Выдающийся экономист, Нобелевский лауреат в области экономики и профессор Колумбийского университета Джозеф Стиг-лиц так оценивает эту команду:

— Их взгляды на экономику были настолько неестественными, настолько идеологически искаженными, что они не сумели решить даже более узкую задачу увеличения темпов экономического роста. Вместо этого они добились чистейшего экономического спада. Никакое переписывание истории этого не изменит… Один из величайших экономических экспериментов последнего столетия обернулся разочарованием.

Первое, с чего начал Гайдар, была треклятая либерализация. Страна не успела еще отойти от новогоднего похмелья, как 2 января отпущенные цены устремились в космос. В первый же месяц они выросли на 352 % (в среднем!).

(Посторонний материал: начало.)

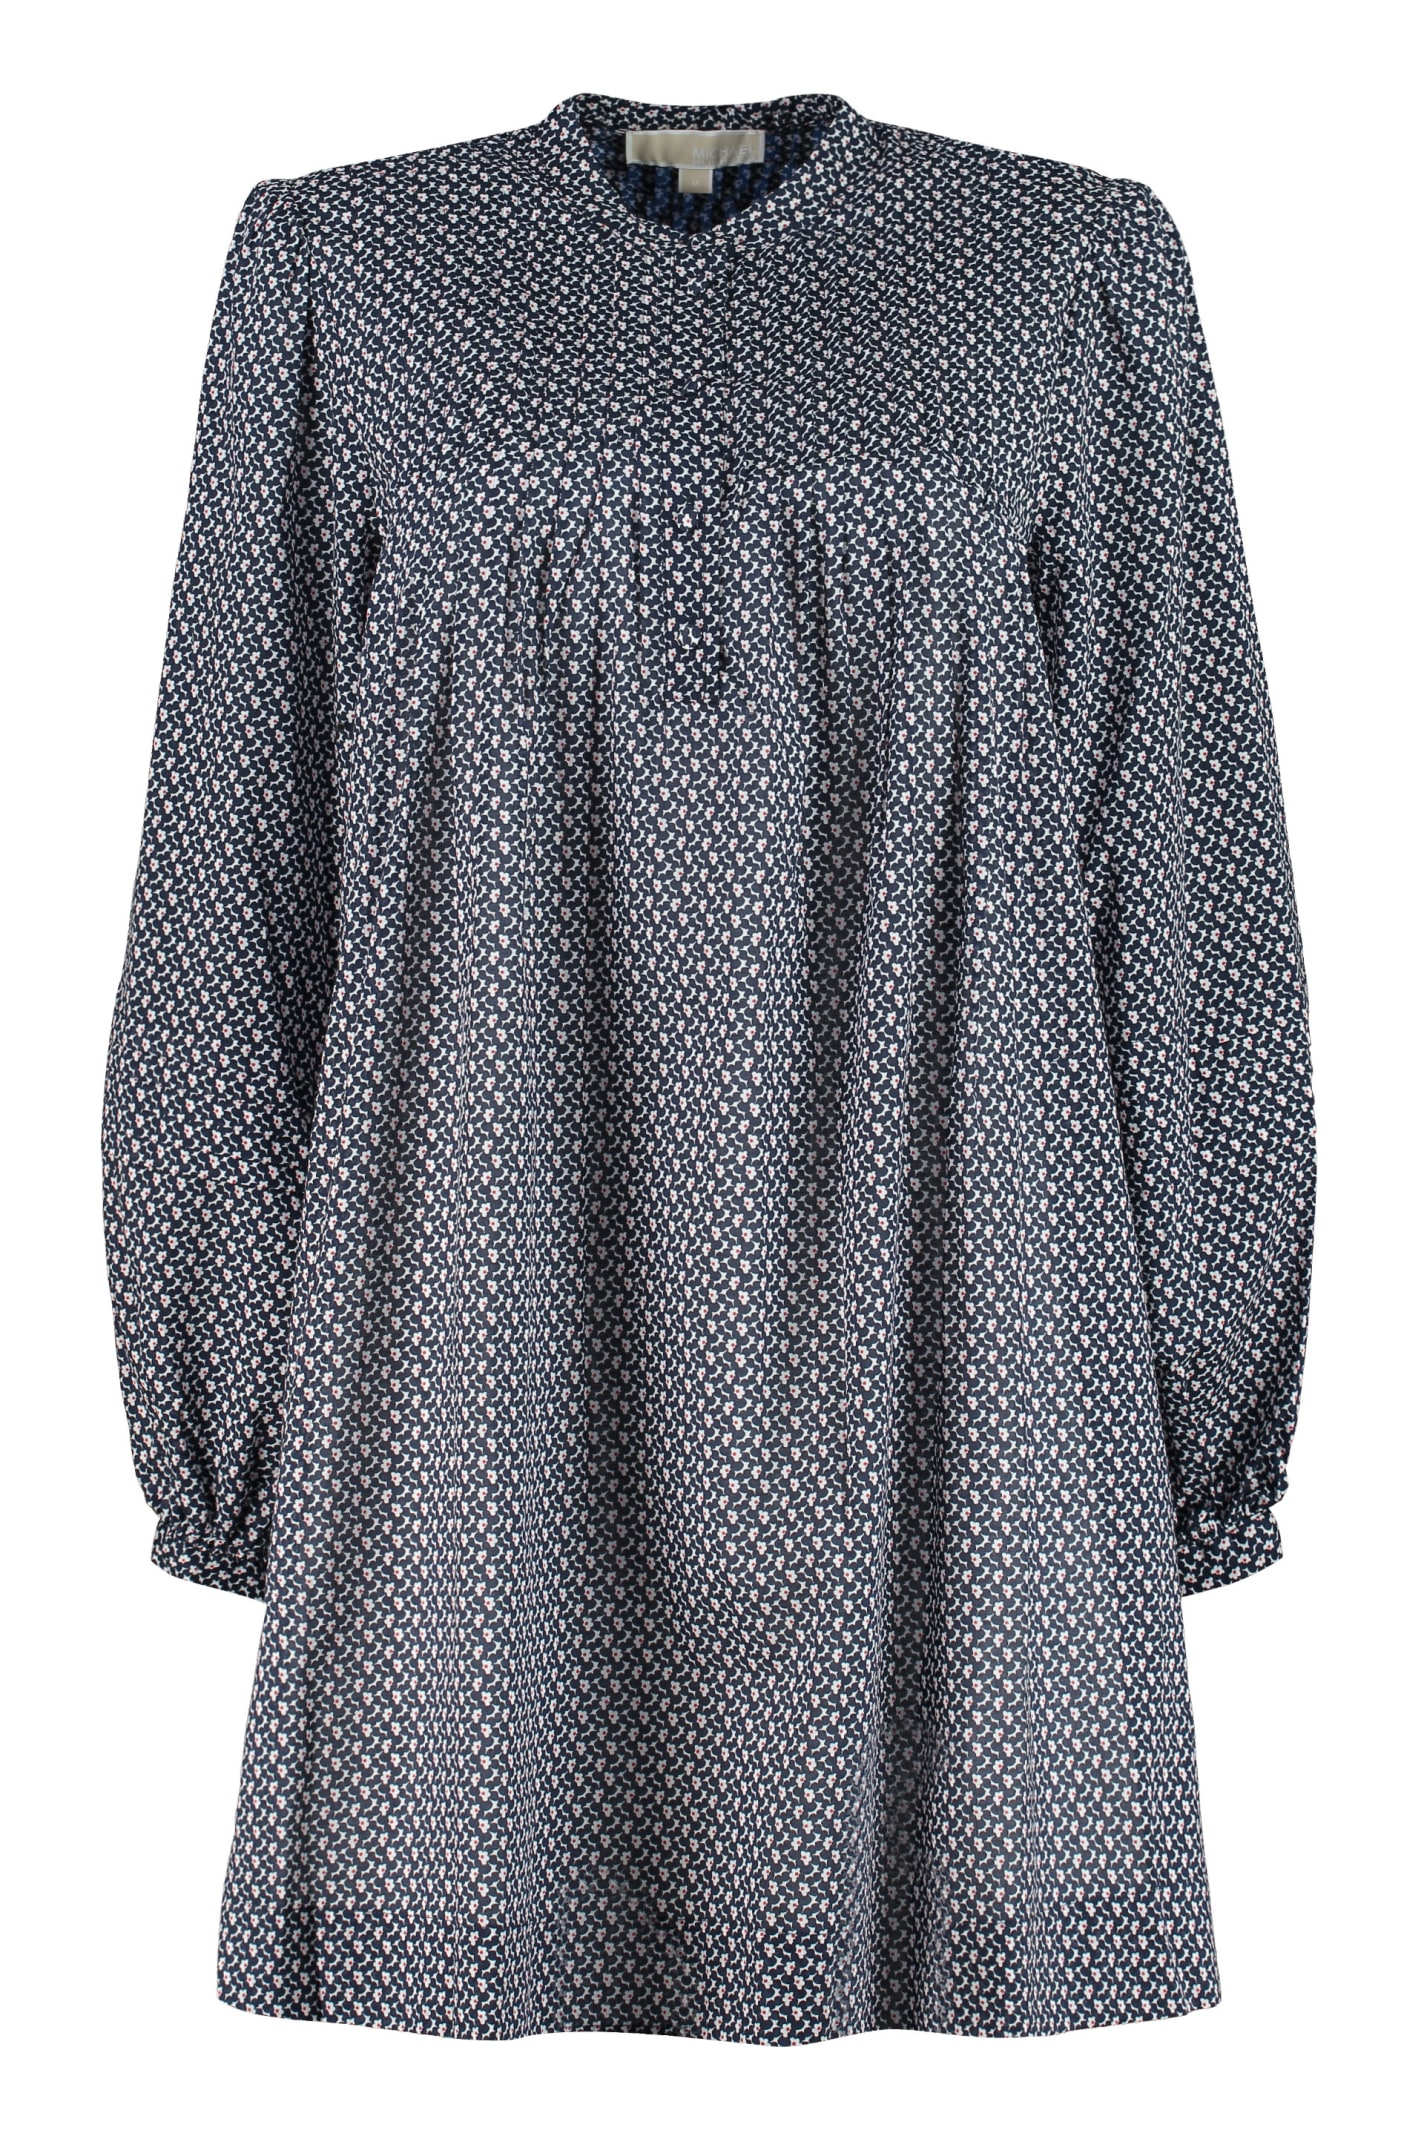 MICHAEL Michael Kors Printed Cotton Dress

К концу года товары первой необходимости подорожают в десятки раз: яйца — на 1900 %, мыло — на 3100 %, табак — на 3600 %, хлеб — на 4300 %, молоко — на 4800 %. Зато доходы населения снизятся почти вдвое, а все вклады на сберкнижках сгорят синим пламенем[27].

На фоне клятвенных обещаний Ельцина лечь на рельсы, если цены не опустятся, а к осени 1992-го не наступит «стабилизация экономики и постепенное улучшение жизни людей», выглядело это как издевка.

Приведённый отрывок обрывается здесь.